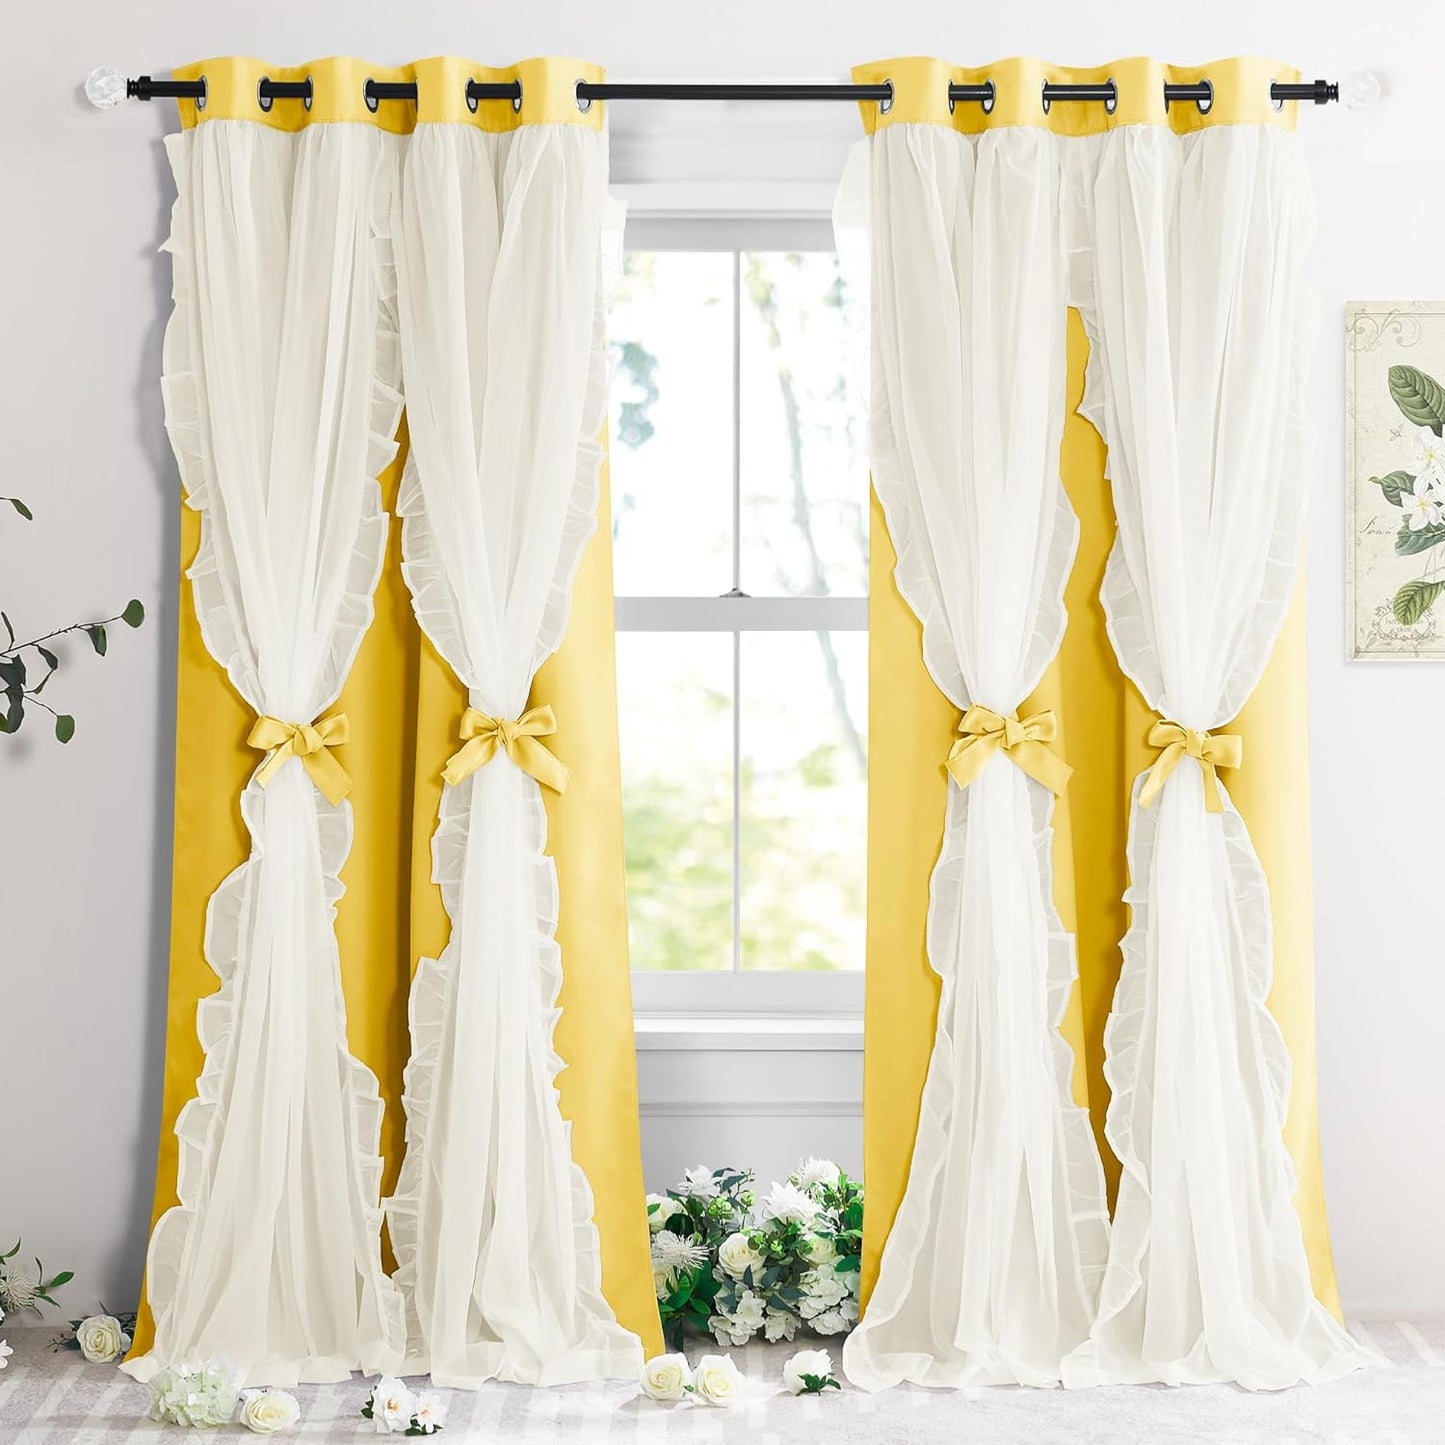 PONY DANCE Blackout Curtains for Living Room Decor Window Treatment Double Layer Drapes Ruffle Sheer Overlay Farmhouse Rustic Design, W 52 X L 84 Inches, Sage Green, 2 Panels  PONY DANCE Lemon Yellow 52" X 84" 
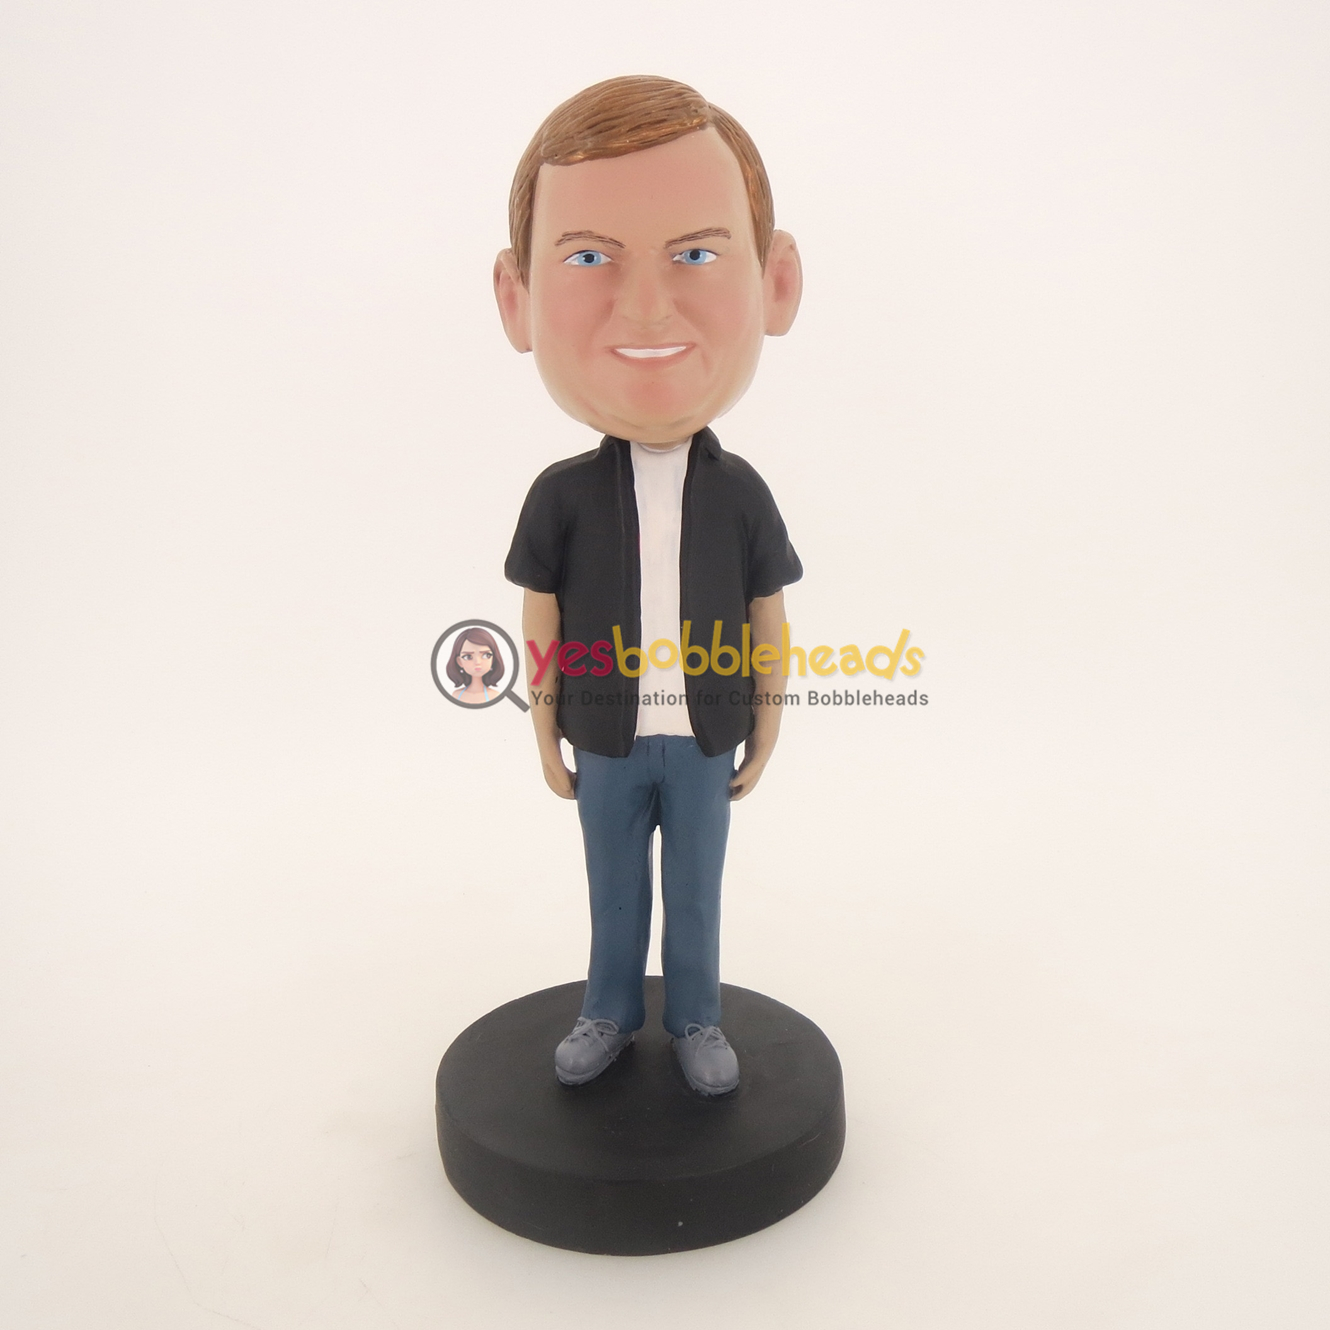 Picture of Custom Bobblehead Doll: Big Boy With Casual Style
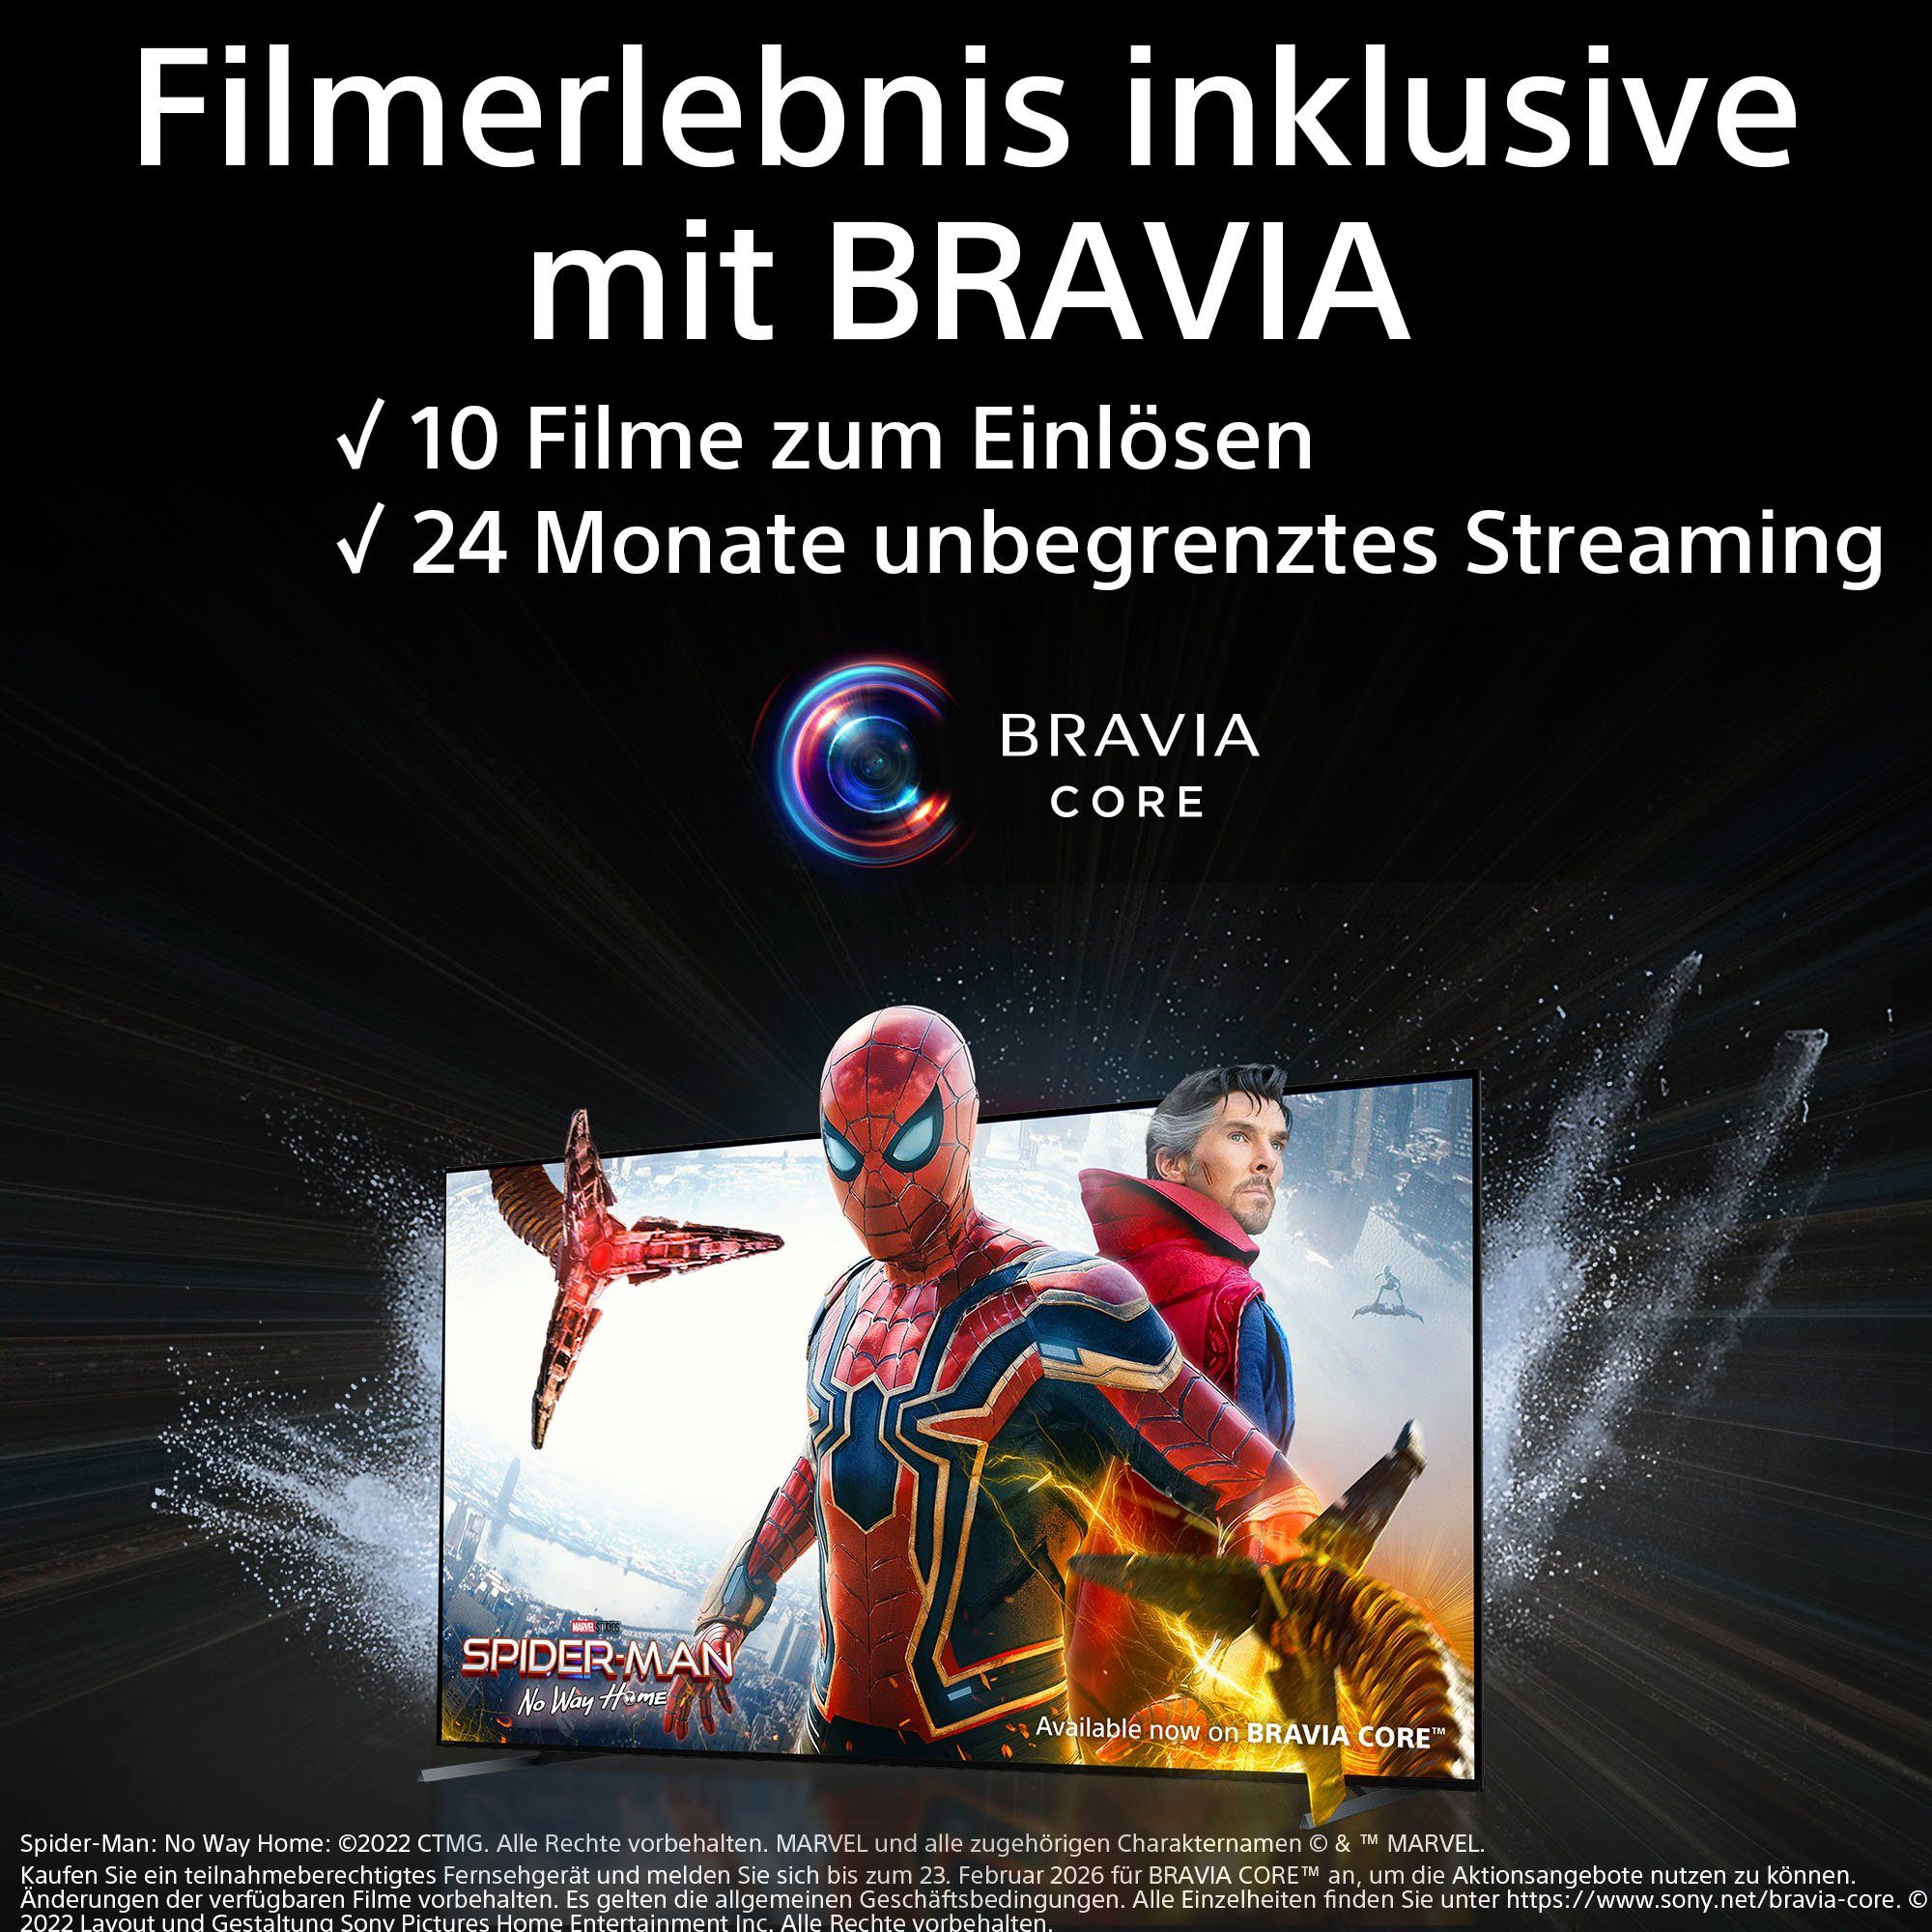 XR-85X90L PS5-Features) LED-Fernseher mit PRO, TRILUMINOS Google Sony Ultra 4K cm/85 HD, (215 BRAVIA TV, Zoll, exklusiven CORE,
==============================
== What is expected ==
Could you reproduce the data above exactly, without its pictures?

== Solution to this task ==
 PONY DANCE Blackout Curtains for Living Room Decor Window Treatment Double Layer Drapes Ruffle Sheer Overlay Farmhouse Rustic Design, W 52 X L 84 Inches, Sage Green, 2 Panels  PONY DANCE Lemon Yellow 52" X 84" 
 Picture of Custom Bobblehead Doll: Big Boy With Casual Style
 XR-85X90L PS5-Features) LED-Fernseher mit PRO, TRILUMINOS Google Sony Ultra 4K cm/85 HD, (215 BRAVIA TV, Zoll, exklusiven CORE,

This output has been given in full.